» **Try it**:
An exact copy of all the data is required, with pictures left out.

Collected material below:

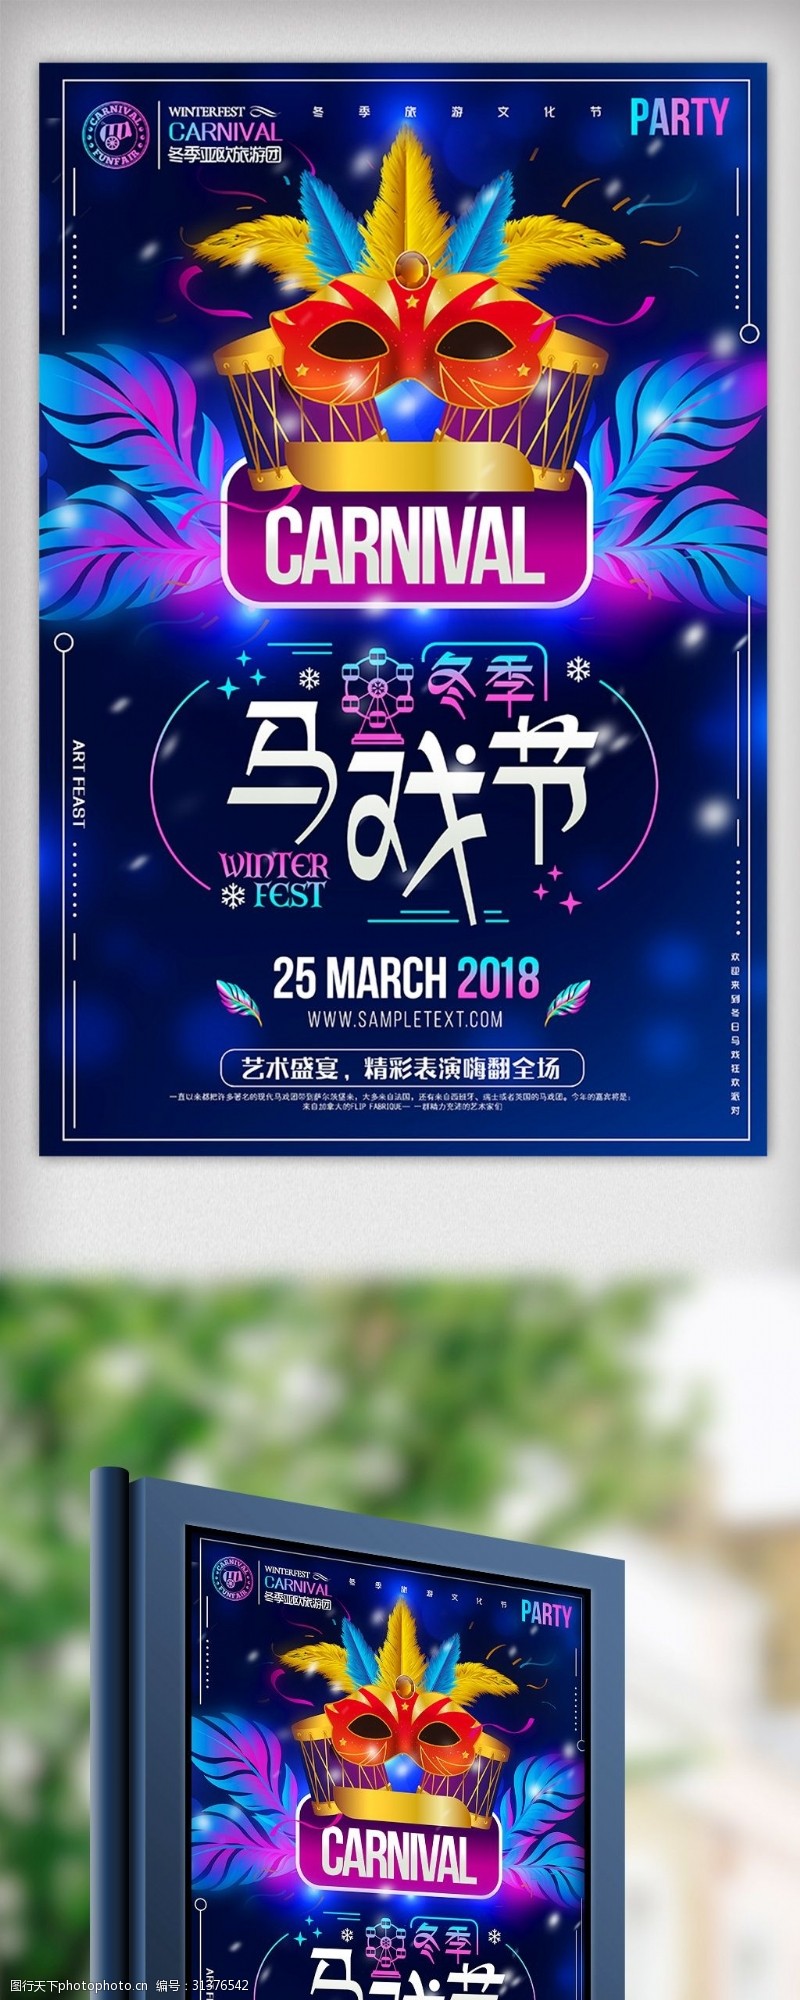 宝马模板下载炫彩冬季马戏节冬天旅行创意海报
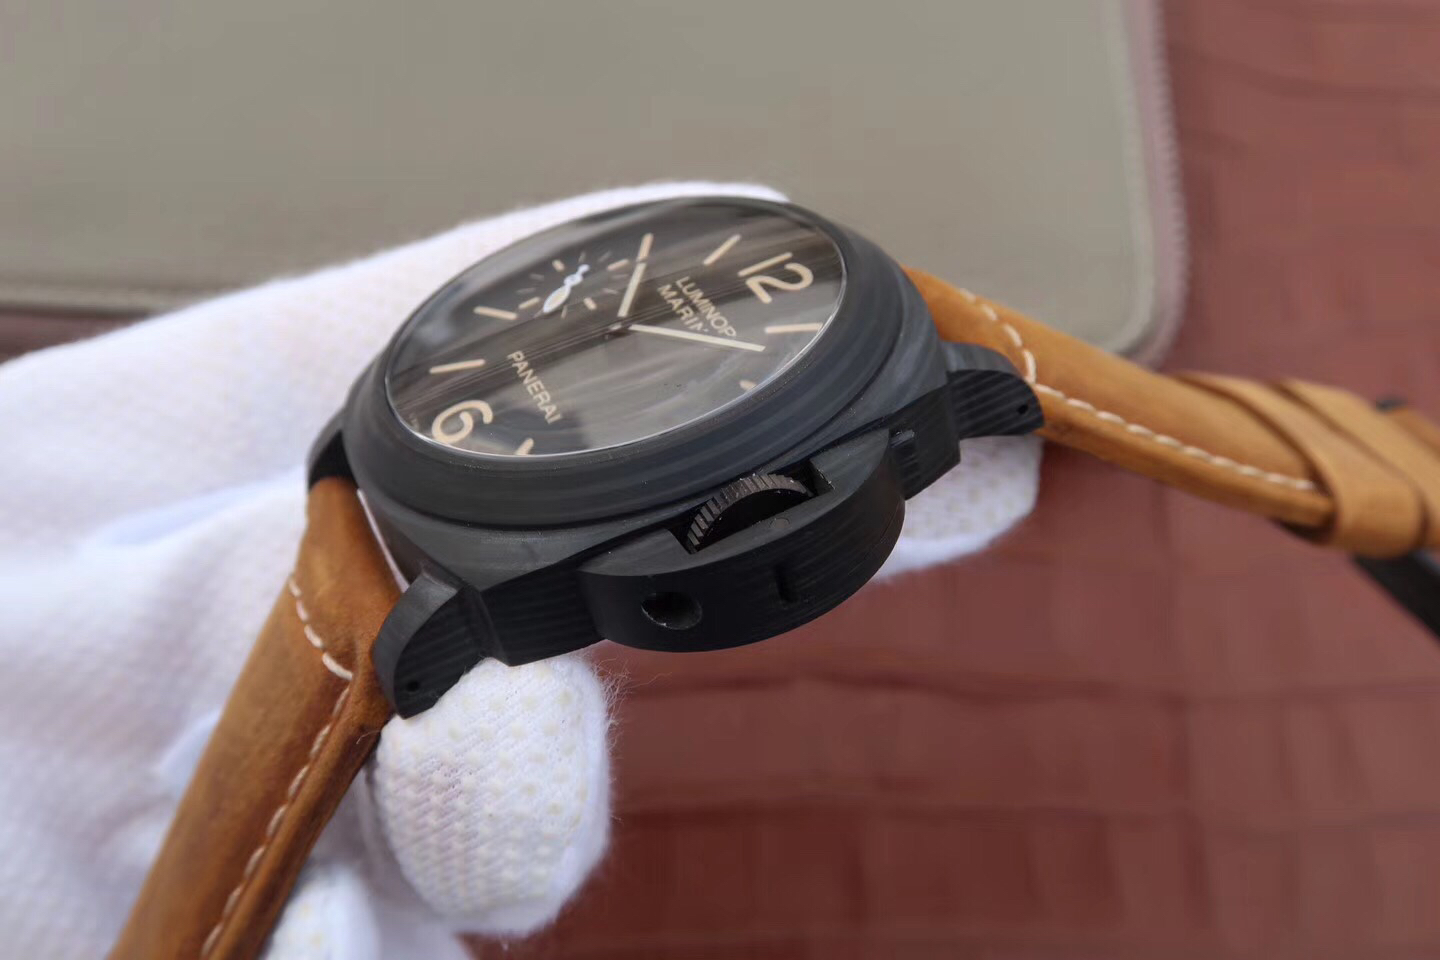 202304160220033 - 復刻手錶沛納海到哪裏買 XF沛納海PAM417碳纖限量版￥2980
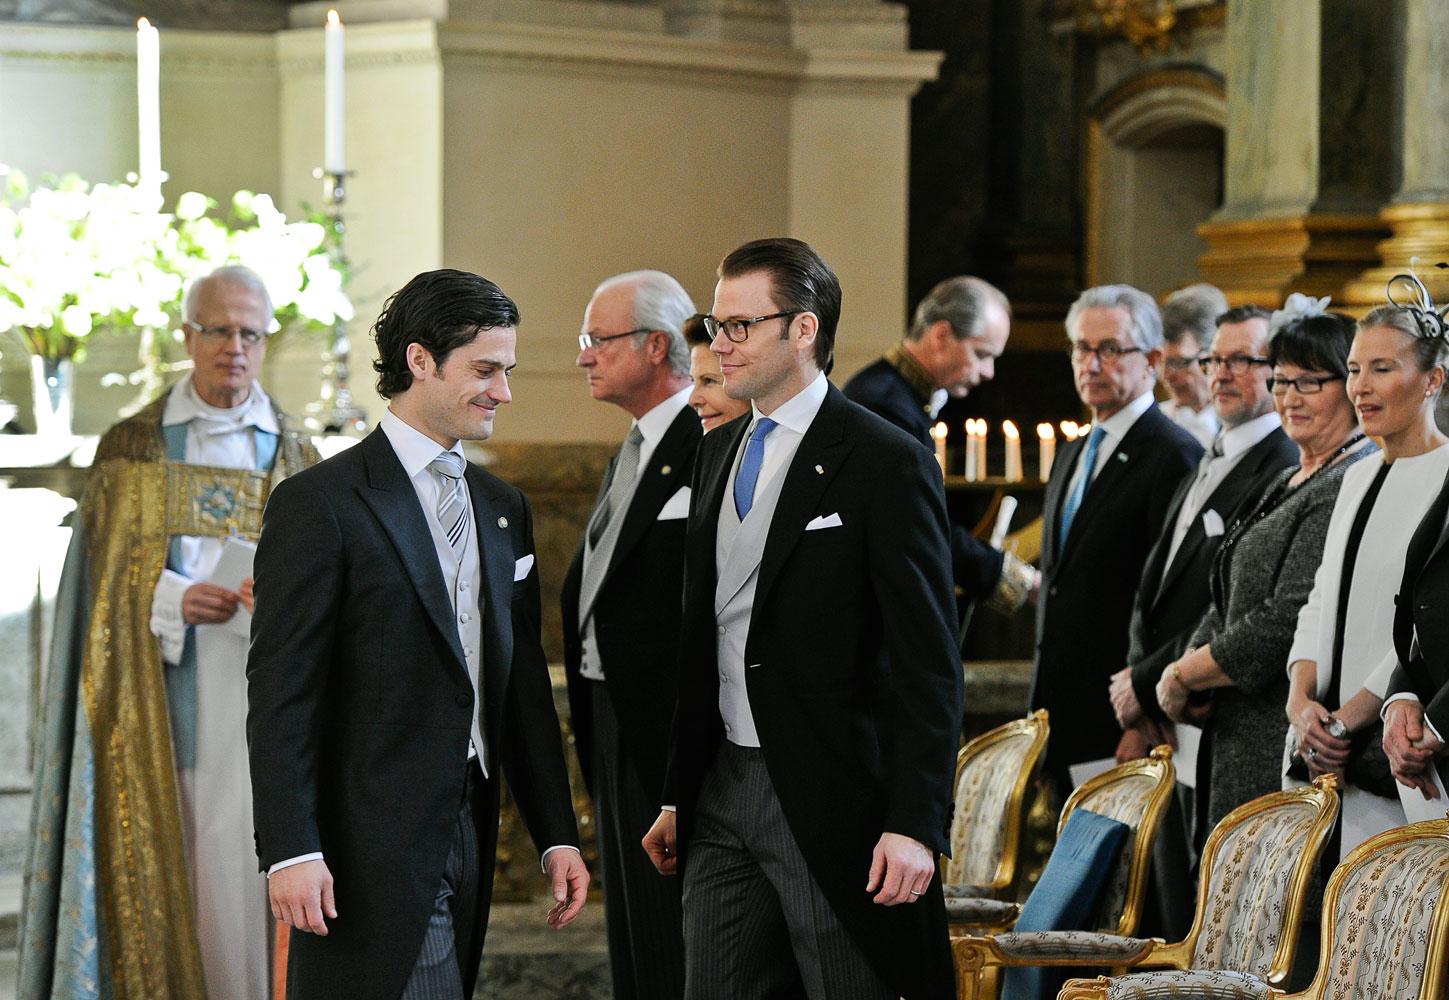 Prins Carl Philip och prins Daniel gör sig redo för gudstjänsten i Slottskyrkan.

End of Collected material.

» **Answer space**:
 宝马模板下载炫彩冬季马戏节冬天旅行创意海报
 202304160220033 - 復刻手錶沛納海到哪裏買 XF沛納海PAM417碳纖限量版￥2980
 Prins Carl Philip och prins Daniel gör sig redo för gudstjänsten i Slottskyrkan.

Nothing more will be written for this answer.